Games, generally, cannot be played for a living. While there are a few exceptions (like streamers, play-testers and pro players) 99% of people who start playing games for a living become burned out due to the repetitiveness of the actions they perform daily. Gaming, an activity which is supposed to be fun at its core, becomes a chore — and the living proof of this are crypto games. In this article, I’m going to try to explain why I think the essential, core design aspects of these kind of games made them fail, and what can be done to remedy the on-going situation in crypto gaming.

Please, take note that while I’m very well versed in the crypto ecosystem, this comes from a gamer-first perspective. If not gamers, who’s going to play these games?

The great wall of on-ramping:

I want to start by talking about the barrier of entry to crypto games.

On ramping is not only hard, but capital intensive to most. In crypto, aggressive hyper-monetization of everything works since incentives are paramount for the “correct” functioning of the swiss watch that are inter-connected blockchains. The barrier of entry to the crypto ecosystem is relatively low in terms of capital: you can interact with almost any dApp with just a few bucks. Of course, the cost goes up when you try to participate in other activities that have a community in itself — be it NFTs, DAOs, etc. Most of these activities require more capital the more “prestigious” they are.
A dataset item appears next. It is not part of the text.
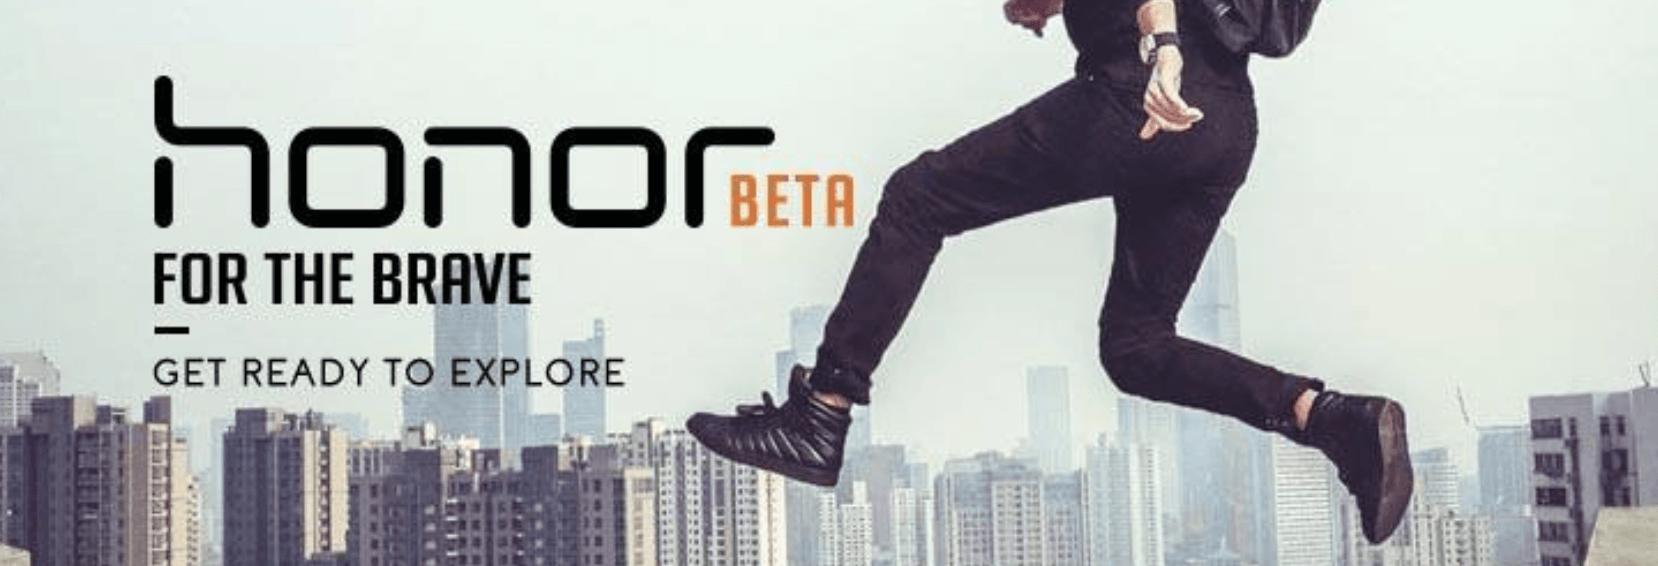 Tech'spresso : Honor Beta, du nouveau sur Gboard et Xiaomi Mi 6

Not only that, but you need to factor in gas fees, badly optimized contracts and in many cases token swaps/locks. Of course, this is assuming that you have money on-chain already. The difficulty of on-ramping in many, many parts of the world where there isn’t good regulatory, banking or internet infrastructure goes up considerably— if you already live in one of those countries, the odds that a $5 gas fee represents a considerable part of your salary are very high. Oh, and of course, you have to be above 18 to even think about on-ramping.

But, that’s not the case with gaming. The gaming community is giant and you cannot speak of it as one organism — it’s very diverse, with people of all kinds of backgrounds disconnecting from the struggles of real life to enjoy a parallel, virtual world; a world in which they can feel experience art, play sports or simply enjoy it as a social experience. The barrier for gaming is becoming truly lower every day: someone who has a cheap smartphone can play beautiful, free to play games (which today are almost 1:1 ports of console games!) and enjoy a social experience at the same time — all while gaming on a $120 touchscreen (and in some cases even cheaper).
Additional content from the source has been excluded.